Why is there an increase in White Collar Crimes in India?
India has a very evident economical divide between its social classes, rich and
poor. There is a huge chunk of population that is uneducated and is below
poverty line that causes lack of awareness and being more susceptible to
white-collar crimes. In addition to this, lack of proper implementation of laws
and personal factors like greed and competition among peers are some factors
Some of the many reasons augmenting the growth of white-collar crimes in
India are explained below:
- Lack of Strict Laws: Though India already has laws against financial
fraudulence, these need to be made more stringent to penalize offenders.
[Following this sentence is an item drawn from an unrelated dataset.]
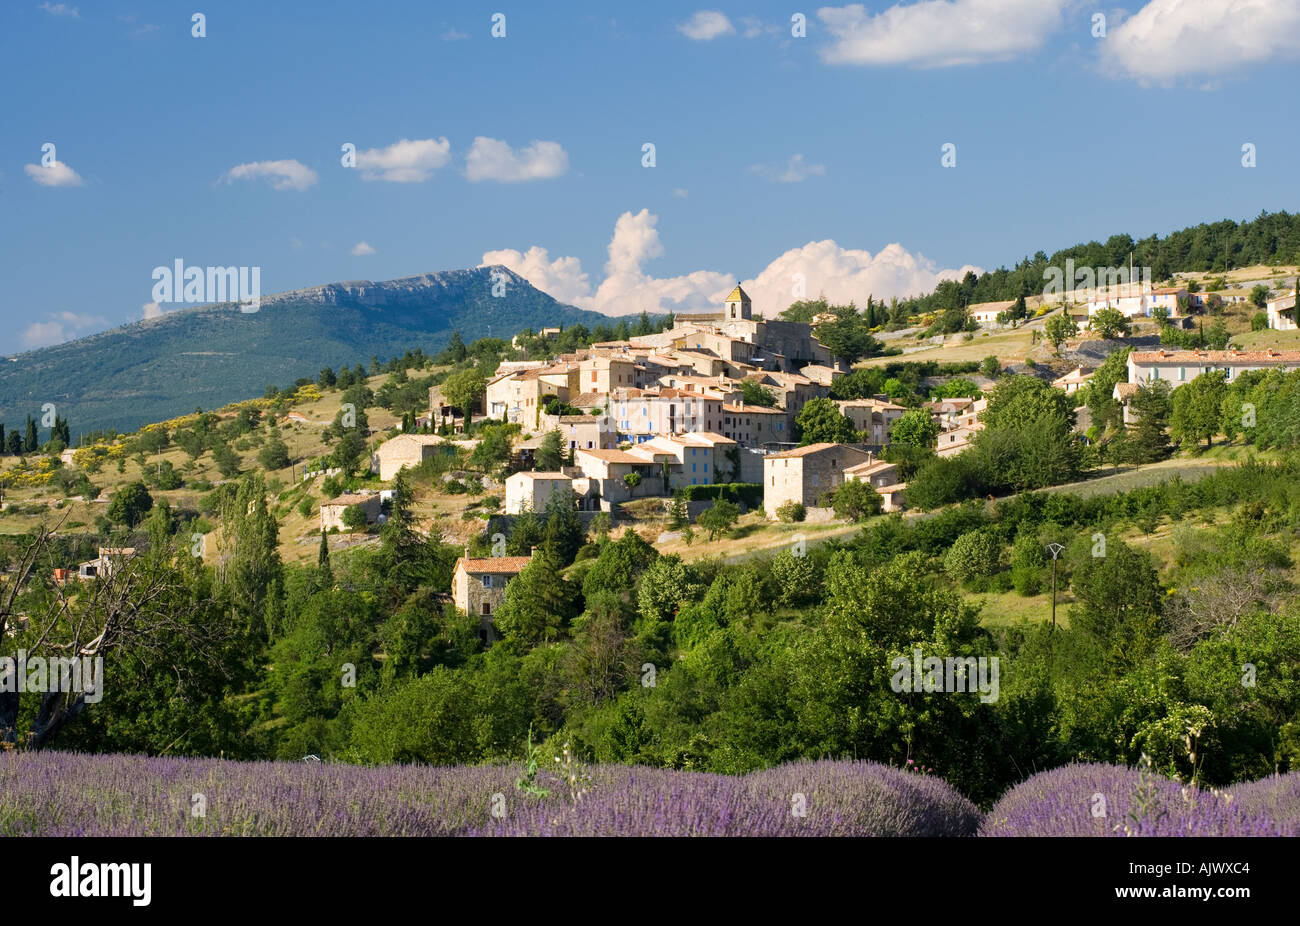 France Provence Vaucluse Région Vue sur champ de lavande à Aurel village perché Banque D'Images

Perpetrators tend to exploit loopholes in the existing laws and getaway
successfully. Furthermore, with the government promoting Digital India,
internet has become the most popular form of monetary transactions
presently, giving a boom to cybercrimes which are a form of white-collar
crimes. India still does not have ironclad cyber security laws
- Greed: It is believed that there is greed inbuilt in the nature of man.
It states true in the cases of white-collar crimes as these are mostly
committed by people already part of high society circles with so much wealth
that already cannot be accounted for. The greed in them makes them commit
crimes and steal money from the pockets of honest tax payers.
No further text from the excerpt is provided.